Una vez que terminaron, Simón se despidió de Hugo, le dio su rosario y le dijo que mañana al amanecer retornaría a San Julián, que encargue a la gente estar tranquila y que no se preocupe por él. Le entregó dos monedas como paga y se marchó nuevamente isla adentro.
El viento soplaba de norte a sur, Hugo empezó a remar pero conforme se alejaba de la isla, sentía la canoa más y más pesada por las olas que empezaban a agitarse. Le restaba aún medio camino hasta San Julián, pero el cielo comenzaba a tejerse de nubes y a gruñir en estrepitosos relámpagos y truenos.
Hugo lamentó nuevamente la hora en que decidió ir para allá; el pánico se apoderó otra vez de él y vio cómo el mar empezaba a zarandear la embarcación mientras la lluvia iba agitando las aguas. Comenzó entonces una lucha por remar más rápido, por vencer al mar en su salvaje tempestad.
Las aguas lo dominaron y estuvo hora tras hora en un eterno suplicio, su cuerpo mojado y agotado por el esfuerzo poco a poco fue languideciendo, las fuerzas se le iban acabando y la lluvia en su rostro que caía sin cesar no le permitía ver si asomaba ya el puerto de San Julián.

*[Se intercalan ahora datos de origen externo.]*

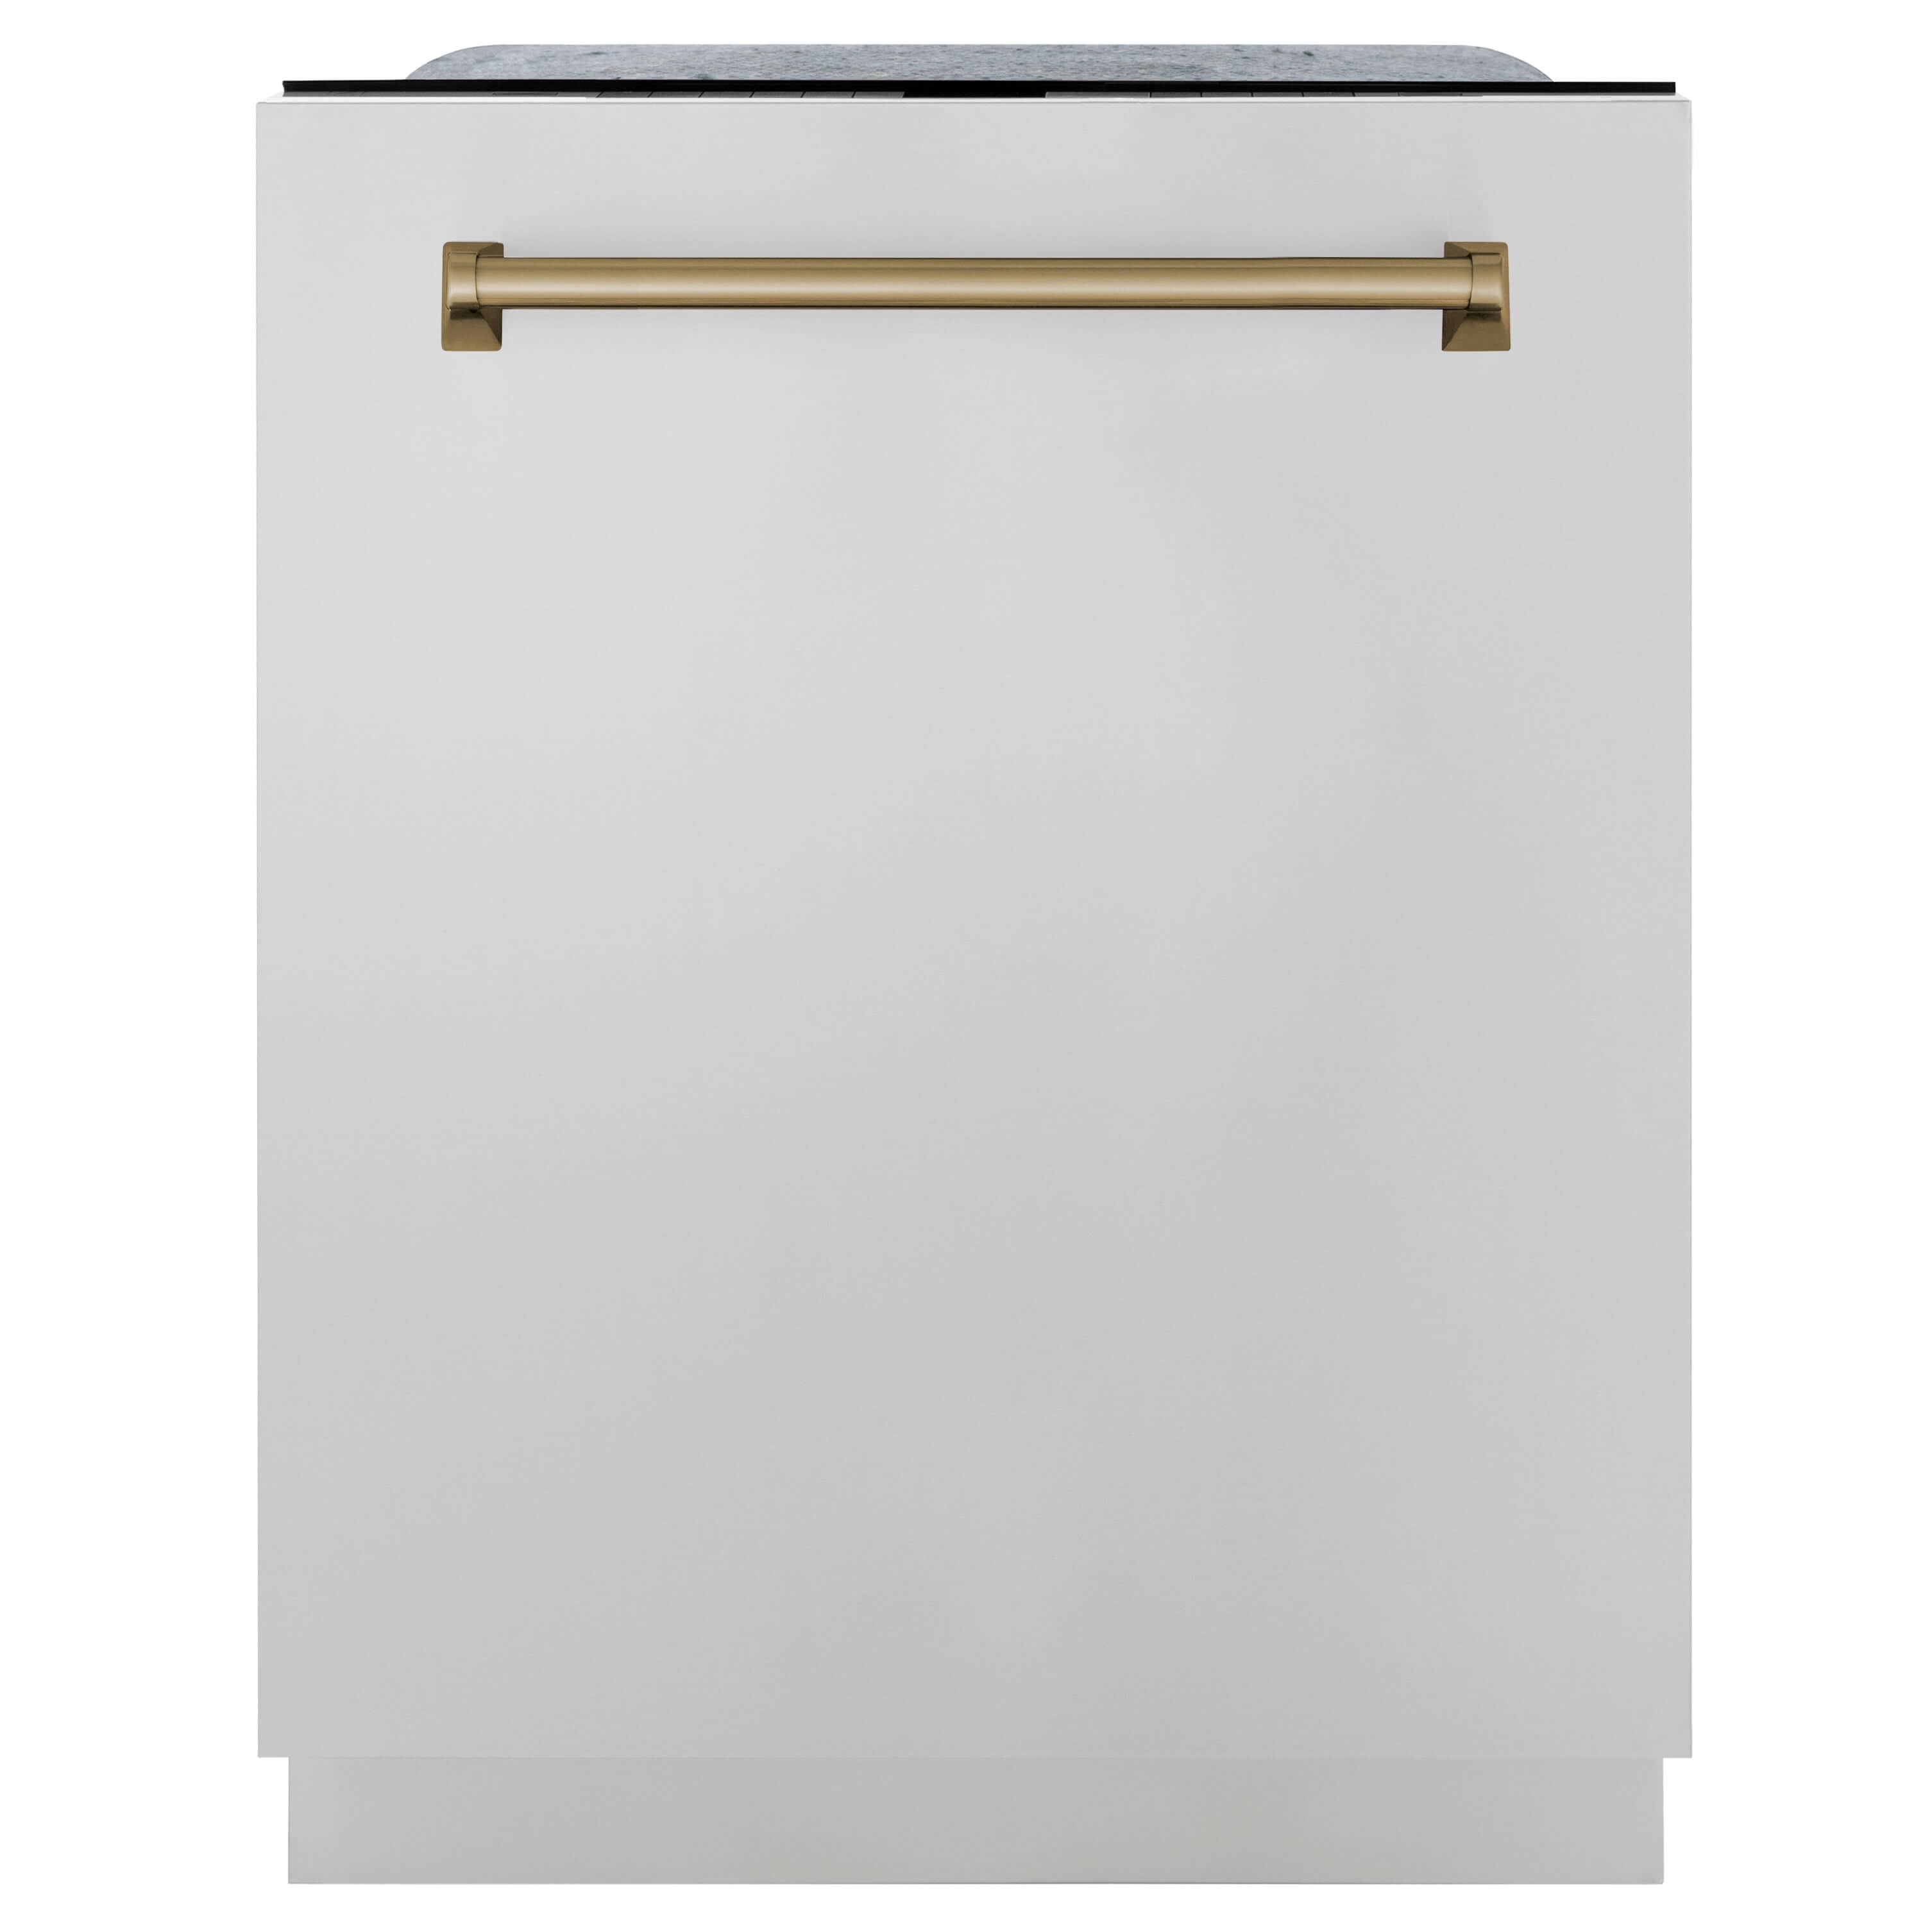 ZLINE Autograph Edition 24 in. Tall Tub Dishwasher with Stainless Steel panel and Champagne Bronze Handle front.

Una batalla sin fin tuvo lugar aquella noche, hasta que Hugo decidió rendirse y someterse a la indómita voluntad del mar.
Los rayos del sol y el golpeteo de uno de los remos que sobrevivió a la tormenta despertaron a Hugo, que luego de remar toda la noche quedó exhausto y se había dormido, pero el sol en su rostro le hizo saber que estaba vivo y vio que estaba a pocos metros del puerto, donde para su sorpresa, casi todo el pueblo esperaba ansioso su llegada.
Dio las remadas finales y se encontró con una avalancha de preguntas sobre lo que vio en las islas de los perdidos y qué había sucedido con del padre, al fin y al cabo, habían estrenado al cura apenas un día antes.
Hugo bajó el bulto, ayudado por Carlos Sequeiros que estaba en medio de la gente, tranquilizó a todos y les contó lo que pasó.
Aseguró que el padre estaría esa misma mañana en el pueblo, porque él así lo había prometido, y delante de todos empezó a desamarrar las lianas del bulto. Palma tras palma fue descubriendo lo que había dentro del bulto, divisándose una tela gris color marengo que todos parecían haber visto alguna vez, era la sotana húmeda en el cuerpo de Simón Carrasco que tenía los brazos cruzados y la piel fría, tan fría que ni el sol de la costa pudo calentar, llevaba una nota en el pecho que decía:
«Me quedo aquí, ya no podré volver allá, me quedo, porque aquí necesitan un cura más que allá, y les aseguro que las islas ya no comerán a nadie más”.